Simple Dataflow sample to store TSV files in GCS to BigQuery
- File name pattern "test_file_{target_data_date (YYYYMMDD) }_{output_date (YYYYMMDDHHMMSS)}" (If there are multiple files with the same target date, the latest date's file is automatically targeted)
- The first line in the file is a header line. We specify the string included at the beginning of the header line as a way to skip it in the beam.
- Assume that the table is created in BigQuery in advance to match the schema. (When partitioning with tdate, the program sets the date of the file suffix to tdate, allowing for constant control of the amount of data when searching.

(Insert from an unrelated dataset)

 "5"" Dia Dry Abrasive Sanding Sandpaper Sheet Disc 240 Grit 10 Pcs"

- Assumed to run on a GCP console
- The Dataflow API must be enabled for the project
Clone this repository (in this case, save it in a directory called "dataflow")
cd dataflow/
sudo pip3 install -U pip
sudo pip3 install --upgrade virtualenv
virtualenv -p python3.7 env
source env/bin/activate
cd dataflow/
source env/bin/activate
gcloud config set project [PROJECT_ID]
【 の実行コマンド】
python --project [PROJECT_ID] --storagebucket [STORAGE_BUCKET_NAME] --workbucket [WORK_BUCKET_NAME] --dataset [BIGQUERY_DATASET_NAME] --tdate [TARGET_DATE]

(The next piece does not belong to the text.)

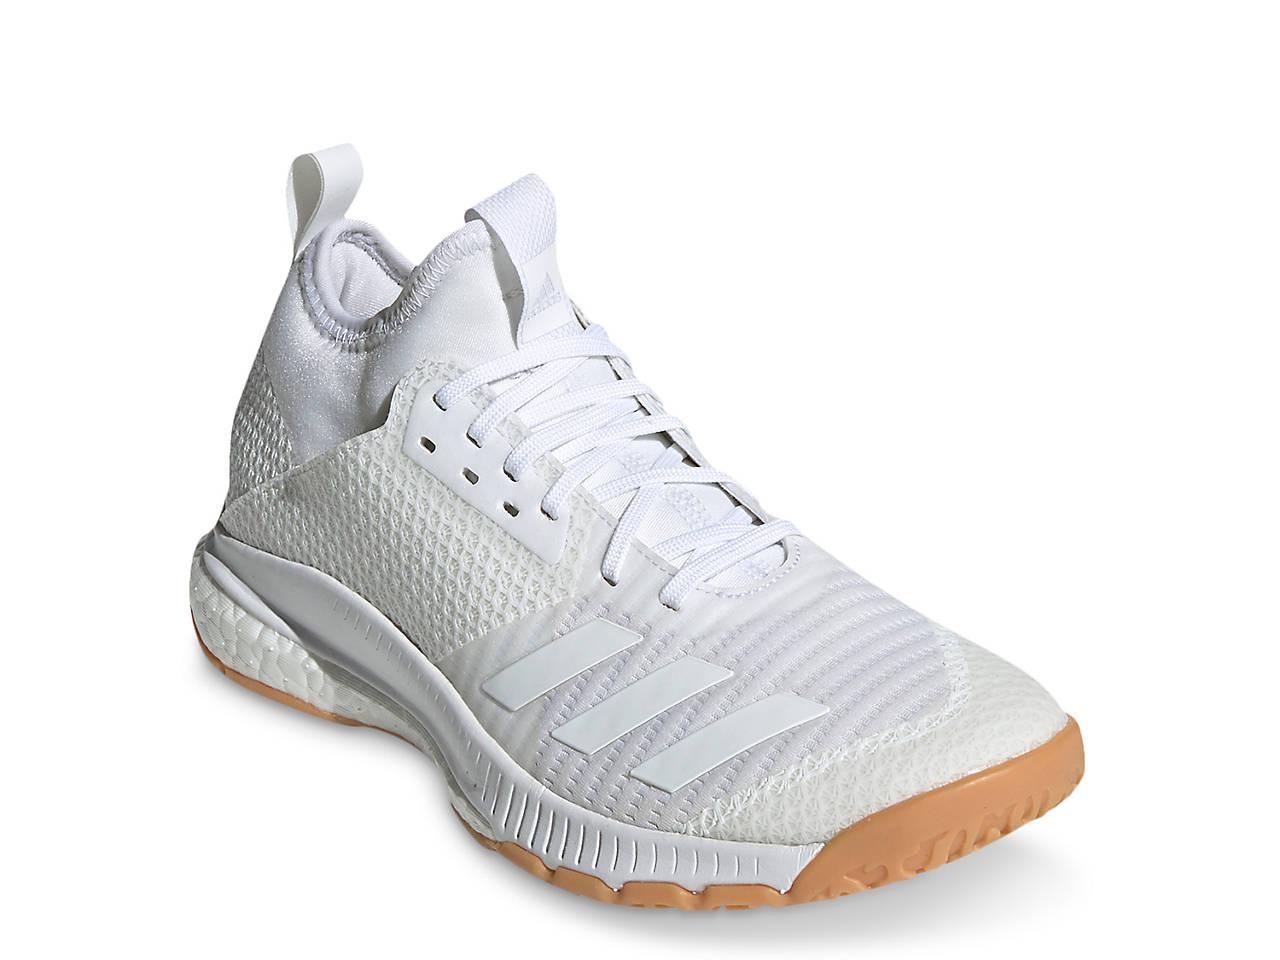 adidas Crazyflight X 3 Volleyball Mid Top Training Shoe

GCP project ID to be executed.
The name of the Cloud Storage bucket in which the files are stored.
Cloud Storage bucket name for the DataFlow work directory
BIGQUERY_DATASET_NAME: The name of the BigQuery dataset.

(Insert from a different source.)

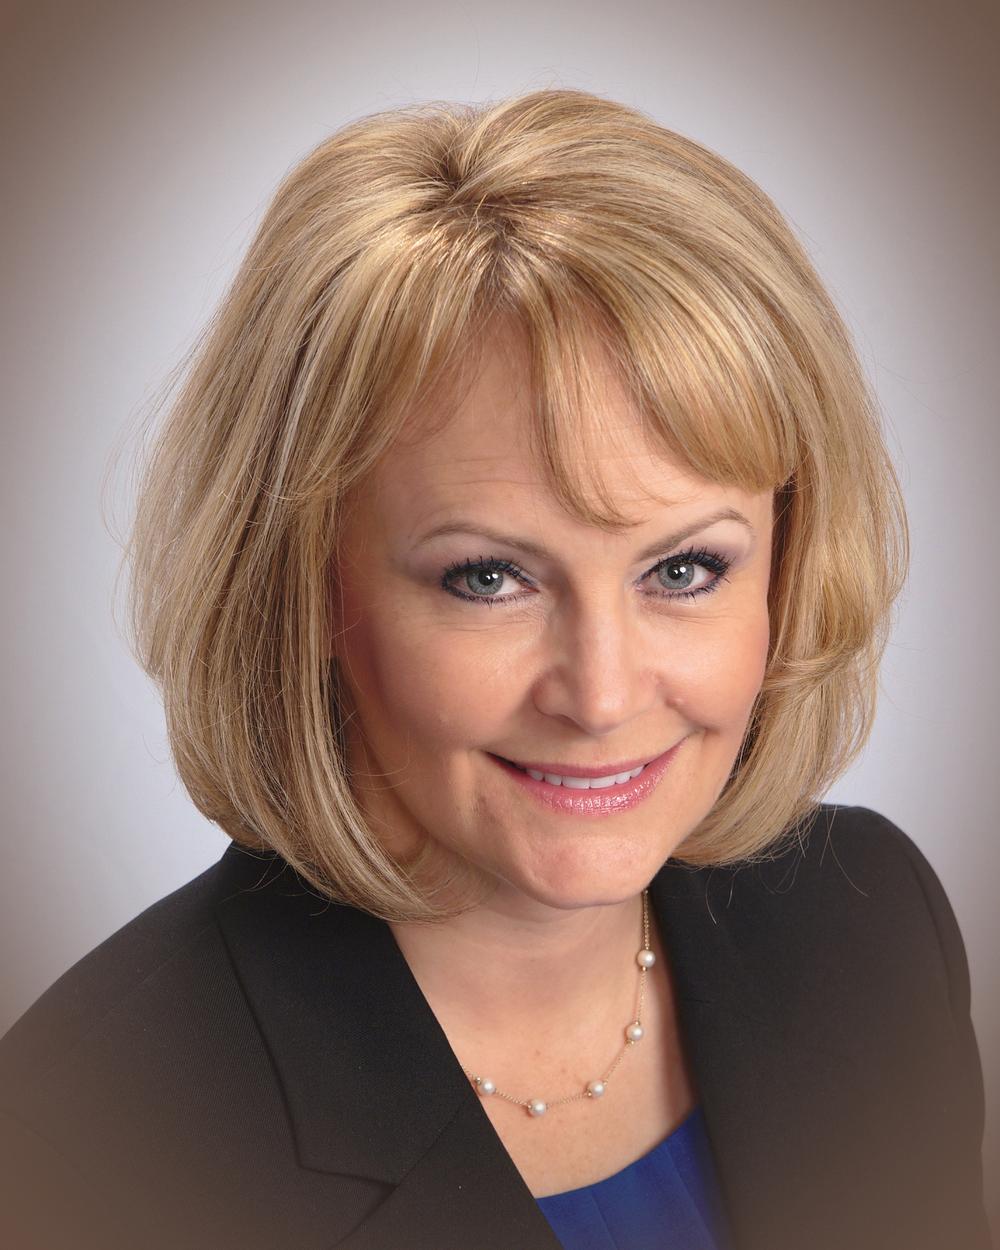 Julie Door for Puyallup City Council District 3, Position 2

TARGET_DATE: Date to be processed (in YYYYMMDD format): 204200401.
cd dataflow/
source env/bin/activate
gcloud config set project [hopstar-dev/hopstar-prod]
【 の実行コマンド】
python --project [PROJECT_ID] --storagebucket [STORAGE_BUCKET_NAME] --workbucket [WORK_BUCKET_NAME] --dataset [BIGQUERY_DATASET_NAME] --tdate [TARGET_DATE]
GCP project ID to be executed.
The name of the Cloud Storage bucket in which the files are stored.
WORK_BUCKET_NAME: Cloud Storage bucket name for the DataFlow work directory
BIGQUERY_DATASET_NAME: The name of the BigQuery dataset.
TARGET_DATE: Date to be processed (in YYYYMMDD format): 204200401.